One of the main concerns from the working party members was that the time and effort being put into these position papers would be futile as there was no certainty that these will be adopted by regulators and governing bodies. However, the timing of these working groups was serendipitous in that it coincides with work being done by the Radiation Regulators Network (RRN), a collaboration of radiation regulators from all jurisdictions across Australia, also having established a working party to work on the standardisation of requirements for diagnostic imaging equipment. Discussions with the RRN allowed each of the working parties to establish a more defined remit for the work they are trying to produce. Mainly, the RRN agreed that the ACPSEM is well placed to develop ongoing QA and QC recommendations and procedures which, if suitable for the RRN, could be adopted as the expected standard by regulators. The RRN noted and encouraged the work of the ACPSEM working parties and would be keen to adopt our recommendations in their respective states. It seems that we may be closer to reaching our final aim than we expected!

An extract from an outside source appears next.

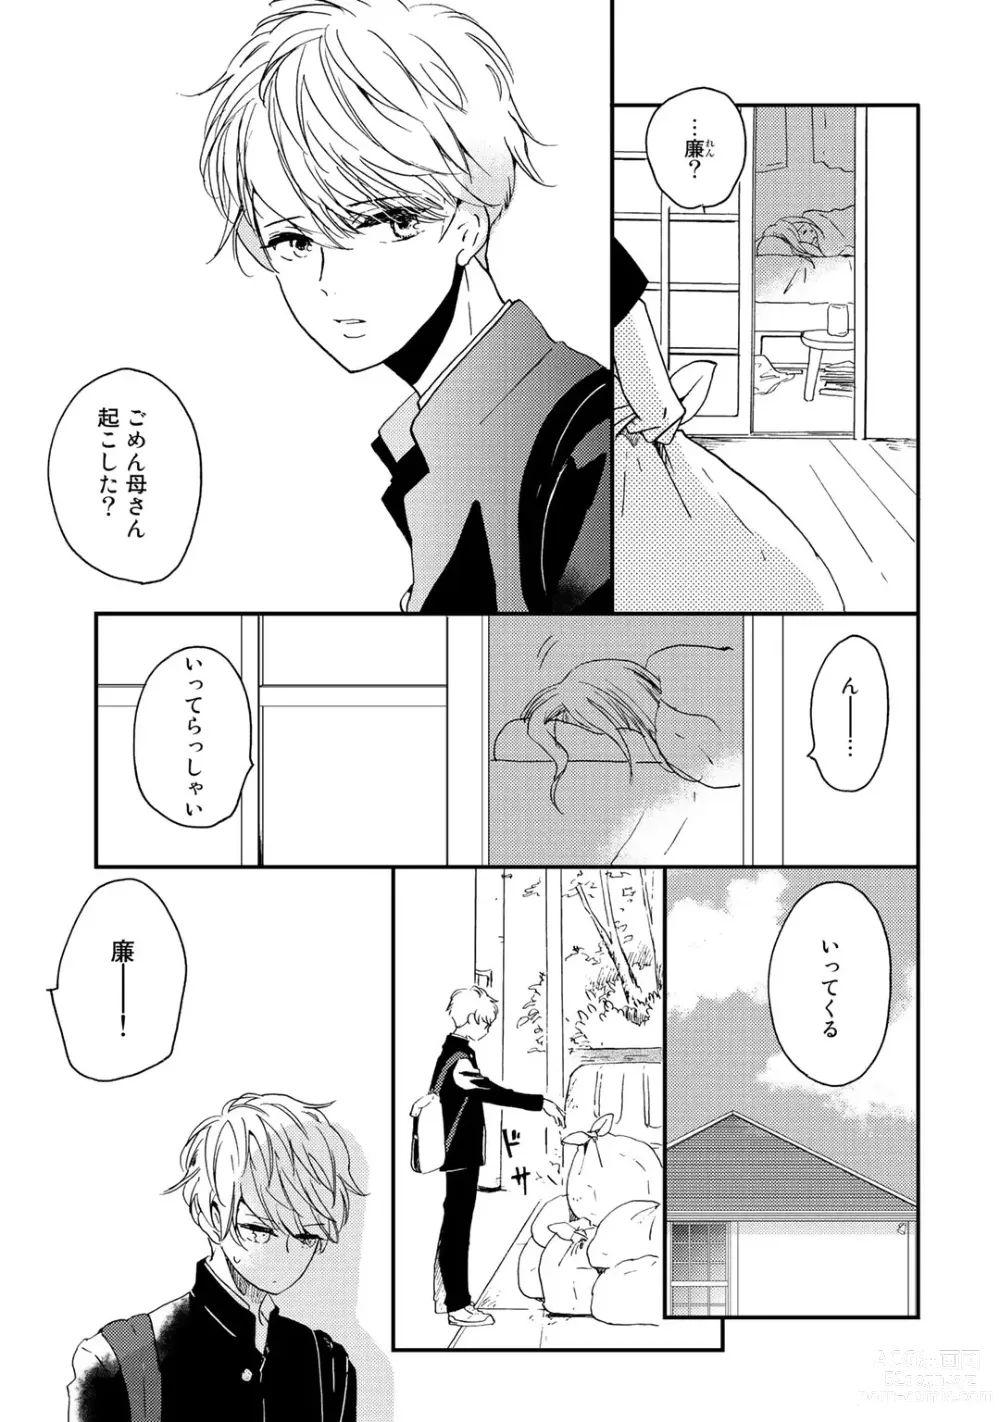 Page 9 of manga Hatsukoi Escape

It should also be noted that the two-way conversation between the ACPSEM and the RRN will only improve our practice, working relationships with the regulators and other governing bodies and ultimately, outcomes for our patients. The RRN have also requested several other topics, such as shielding in Radiology, that they would like ACPSEM to publish a position paper on. The communication channel between the ACPSEM and RRN will allow the ACPSEM Radiology SG to develop position papers for areas of interest for the regulators to continuously improve our multidisciplinary approach to improving patient outcomes. With the recent restructure of the ACPSEM SGs including the introduction of executive committees, it may be possible to have multiple working groups on differing areas of interest to produce a number of position papers simultaneously. This will allow us to keep ahead, or up to date, with technological changes.

My initial aim was to use this editorial to announce that there were two brand new shiny documents for all Radiology medical physicists to take to their departments to implement so we could all have a standardised practice. However, like most things, time lines blow out especially when it is dependent on a dedicated group of volunteers, all who have actual paid jobs to be doing. So, instead I am updating you on the hard work of the volunteers in both these working parties and a promise that the documents will be landing in your inbox as soon as possible. Nonetheless, the advanced development of the documents themselves and more importantly the positive steps to maintaining a consistent framework in collaboration with the RRN is a significant advancement in the right direction. The quest continues.